На втором этаже заправляла ответсекретать Виктория Францевна Брындина. Это особая личность. Я до сих пор иногда просыпаюсь от содрогания, что вот на пороге появится посыльная баба Клава и безапелляционно потребует: «К Брындиной!» Ничего хорошего, значит, не жди. Ее авторитет внушал уважение и робость. До сих пор помню, какой мучительной для меня оказалась командировка с нею в один из районов области. Нас поселили в одном номере, но случилась непогода, самолет задерживался, и все выходные пришлось просидеть в гостинице. О чем говорить? Я ощущала себя школьницей перед учителем! Еще больше сробела, когда не знала, как реагировать на ее аскетизм. Всем было известно, что она блокадница, очень скромна в быту, но ее неприхотливость зашкаливала. В то время как нас, приезжих журналистов, готовы были потчевать в столовой день и ночь, она предложила купить банку рыбных консервов и черный хлеб и поужинать в номере. И поужинали… Но все это мелочи по сравнению с тем, какую роль в творчестве многих из нас сыграла ее требовательность.

Борис Бережков. Я вряд ли смогу в описании своих впечатлений выразить в полной мере масштаб и колорит этой личности. Но вот работоспособность… Его рекорд в месяц – 5, а то и 6 тысяч строк, при плане 3000-3500! Такого никому не удавалось за всю историю газеты. 

А вот об Эдике Стойлове хочется сказать особо. Он был любимцем женщин. Наверное, не было такой сотрудницы, которой бы он не сделал комплимент. А еще он притягивал тем, что работал как-то легко. Для того, чтобы писать в тишине, мы, журналисты, частенько находили уединение в актовом зале на третьем этаже. Туда же нередко приходил и Эдик. И вот сидим, скрипим «перьями», а Эдик уже на выходе. Писал он быстро, увлеченно, но не уверена, что всегда достоверно. Иногда их вместе с Евгением Лисицыным, с которым они подготовили не один фоторепортаж, явно заносило в фантазиях. То якобы какой-то подземный аэродром найдут, то неведомую заброшенную железную дорогу, то в соседнем Кемерове обнаружат землетрясение. Но читалось все это на «ура!». Думаю, Эдуард Стойлов был бы очень востребован сейчас, когда такая свобода творчества и когда мы так много пишем о судьбе старинного Томска. А Томск Эдик любил не меньше, чем женщин…

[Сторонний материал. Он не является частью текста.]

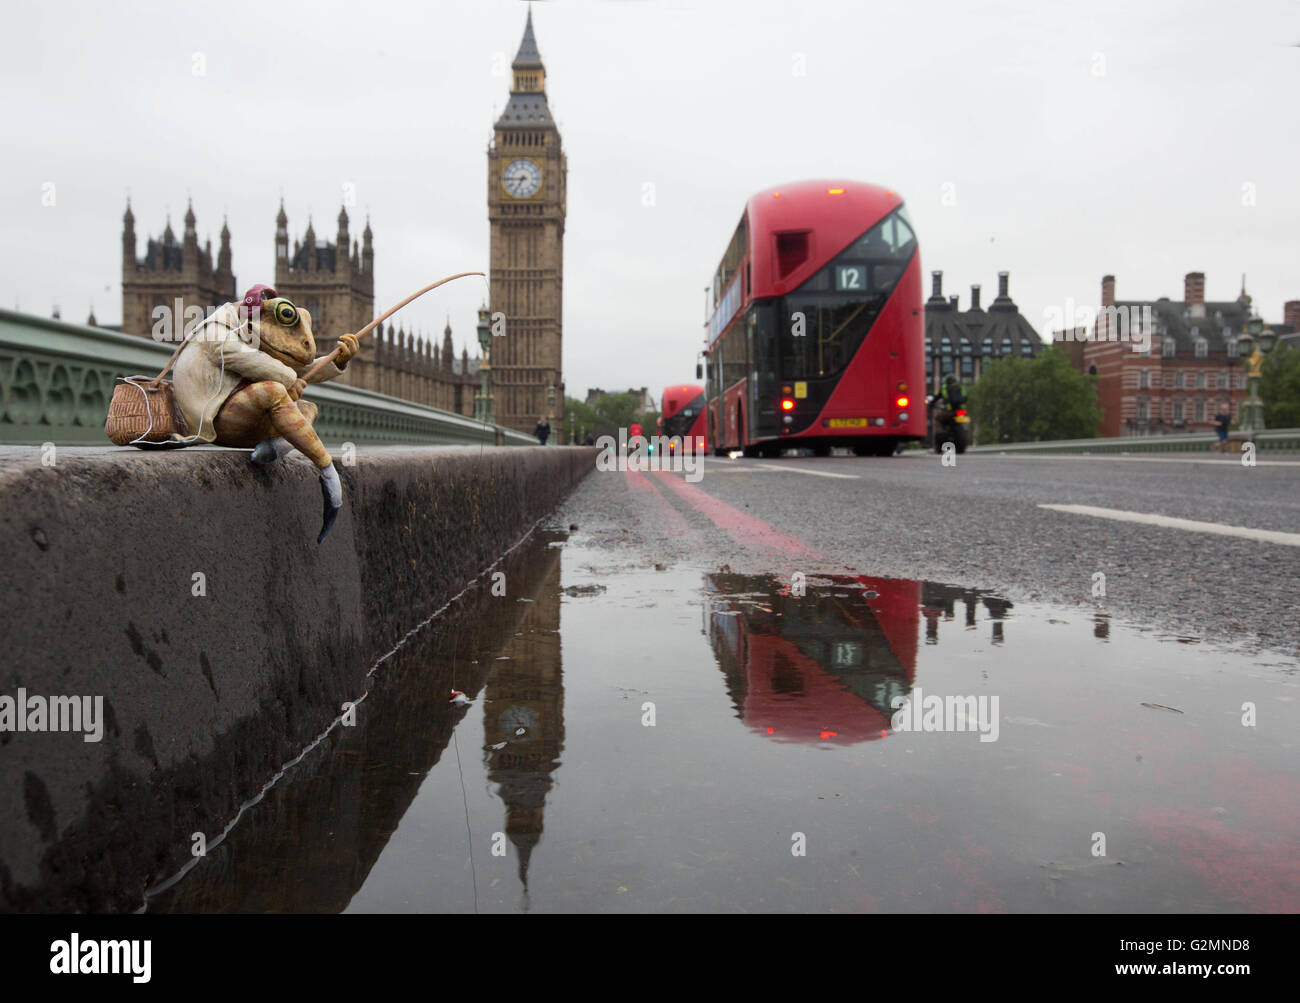 EDITORIAL USE ONLY A miniature sculpture of Beatrix Potter character Mr. Jeremy Fisher on Westminster Bridge in London, which has been updated for the 21st Century by street artist Marcus Crocker in celebration of the 150th anniversary of the author's birth. Stock Photo

Подлинным центром притяжения была приемная. Здесь властвовала секретарь Эстера Коган. Иногда казалось, что это она «рулит» всем коллективом. Она была в курсе всех дел и событий, к ней мы обращались, когда требовалось что-то «просигналить» редактору. Здесь, в приемной, узнавали редакционные новости и делились своими. Она была очень толковой и бралась за любую работу: если надо, грамотно и быстро напечатает текст (кстати, одной из первых освоила компьютер), садилась за телефон и собирала информацию. Она всегда готова была прийти на помощь.

 

Украшение редакции

Тут же, на втором этаже, располагался и секретариат, где твердо обосновался Валера Сердюк. Руководство ценило его за добросовестность и трудолюбие. Мы – за то, что можно было внести правку, когда ее уже по всем правилам вносить нельзя. А также за его стихи. На особом положении находился художник Владимир Марьин. Не в каждой редакции имелась такая штатная единица. Вообще это была политика редактора: приглашать и удерживать талантливых людей. 

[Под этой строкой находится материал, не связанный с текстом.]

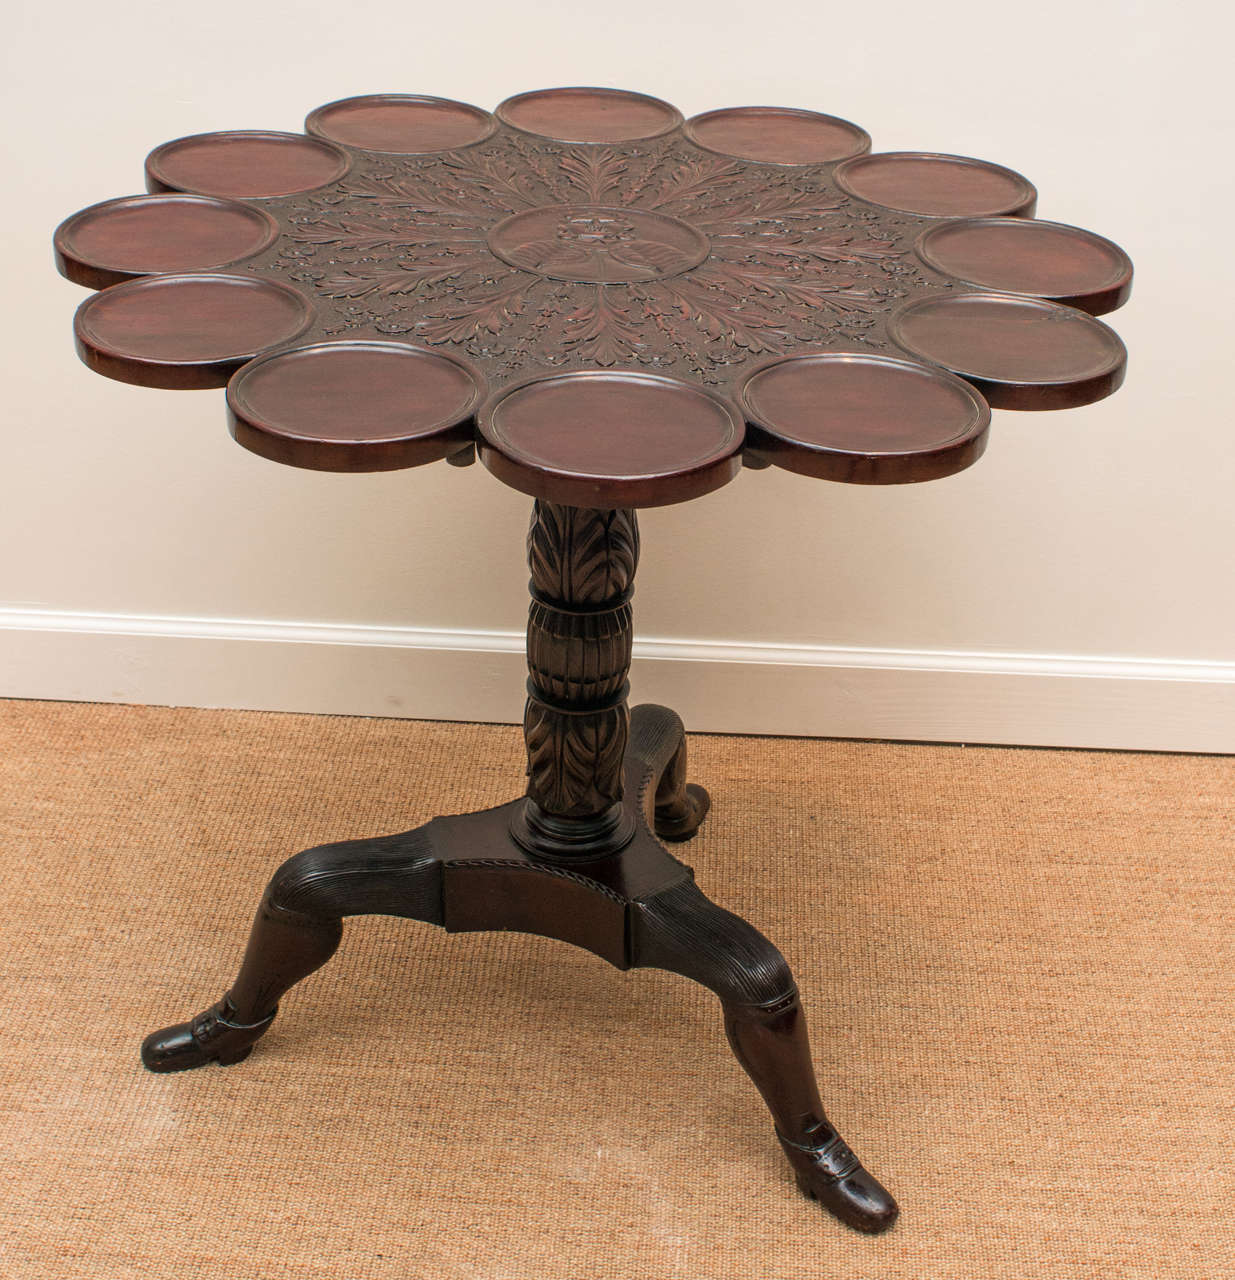 Mahogany tripod tilt-top supper table, heavily carved top standing on the well know Isle of Man feet<br />
<br />

Но украшением этажа была Лидия Васильевна Мерцалова – образец того, как должна выглядеть женщина-журналист. Всегда ухоженная, красиво одетая, она любила дарить гостинцы и подарки. Несомненным авторитетом пользовалась еще одна женщина - Нина Александровна Василенко. Страстный садовод-любитель, она и полгорода вовлекла в это занятие.

Здесь же обитала краснознаменная творческая элита - Мария Смирнова, Нина Маскина, к ним любили захаживать Лисицын, Стойлов, Марьин, Щербинин, Сердюк, друзья редакции – артисты, поэты, художники.

 

Свое место

Но мой этаж был – первый. Здесь находился отдел писем. Руководил им Сергей Николаевич Андреев, тоже участник войны, с покалеченной рукой, но абсолютный оптимист. Вместе с его женой Валентиной они проявляли обо мне искреннюю заботу, за что я им очень благодарна.

Сюда же к нам в отдел писем на первом этаже попервости часто заглядывал Соломон Выгон. Тогда он еще не был мэтром, а всего лишь талантливым журналистом, чьи достоинства оценили в «Красном знамени» и пригласили на работу из «Молодого ленинца». В какой-то степени он был один из нас, кто вживался в новую коллективную работу. С ним было интересно общаться. Он приходил просто поговорить, но мы любили ему «поплакаться». Особенно, когда Брындина заворачивала материал. На удивление он спокойно и просто объяснял, что надо исправить, какую фразу заменить, и материал проходил повторную «экспертизу» ответсекретаря. 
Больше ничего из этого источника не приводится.